For years, roughly about 42, Army leaders talked about the fundamentals. They tossed out these bumper sticker slogans and asked at promotion interviews about the four fundamentals. Occasionally, a good leader would tie it all together for a Soldier and make some progress but generally they just spewed Steady Position, Breathing, Sight Picture, and Trigger Squeeze in no order. During training, they would fix people by saying “Apply your fundamentals” followed by a terrible diagnosis based on things they didn’t understand with the vertical grouping as breathing problems and horizontal as the trigger. Nowhere in this did they work on a process to shoot.

Shooting well is as easy as properly pointing the weapon and then fire the weapon without moving it. Even that sentence lays out a process. A this then that thing. Most everything we do as humans have a process. Something must be done followed by another thing followed by another. This is how we accomplish complex tasks. Why then do we avoid applying it to shooting? Because that’s the way we have always done it that’s why. Not because of right or wrong just the standard.

Now, if you spend a few minutes researching some sports psychology about sports that involve throwing or hitting a ball, you will find a couple of things at pro levels. First, there is a process. Take a Pro Baseball player at bat. He just doesn’t walk up randomly and start swinging. He sets his feet into position a specific way in a specific place. He will check his swing for the proper grip on the bat, and several other things that are part of his process to hit well. Look at a pitcher. Every pitch gets the same process for two reasons. One, to ensure consistency of the pitch and the second so he does not telegraph his intent to the batter.

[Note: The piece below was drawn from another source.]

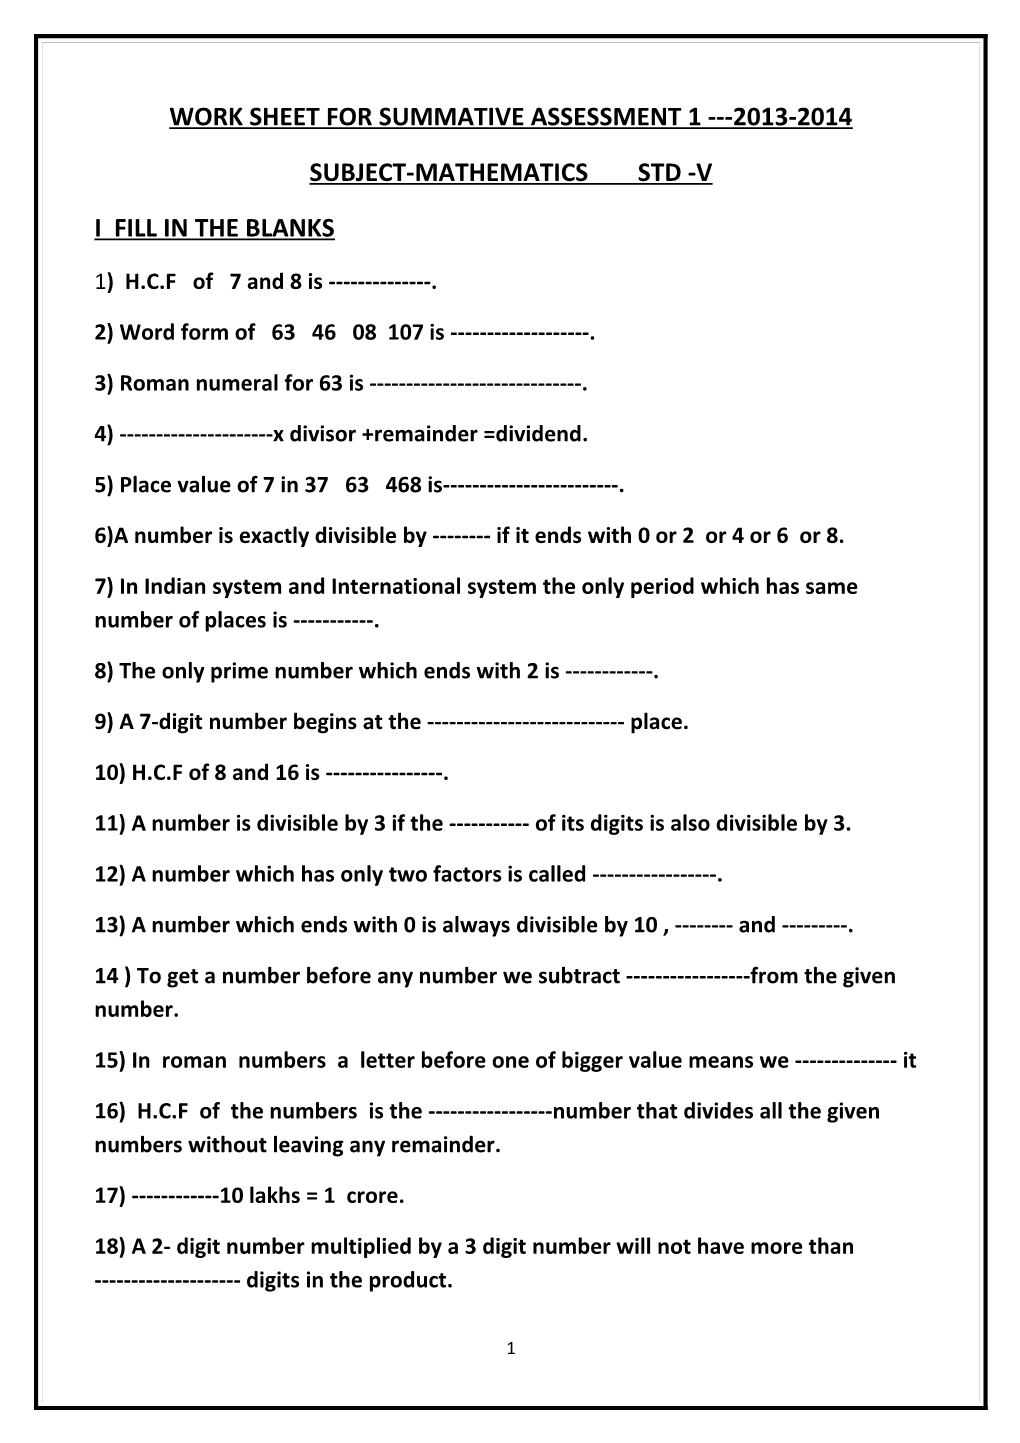 Work Sheet for Summative Assessment 1 2013-2014

Shooting is about consistency. Doing the same thing repeatedly. Think about it. For a simple zero we are trying to get the bullets to land in the exact same spot, so we can adjust them to the desired point of impact. If you do something different the weapon will translate that into an impact shift. It may be insignificant, or it could be huge. At 100 yards, having 4 rounds touching and a “flyer” a ¼ of an inch away destroys a group. Having a shot process helps develop this consistency and ensures you have done all the steps for a good shot.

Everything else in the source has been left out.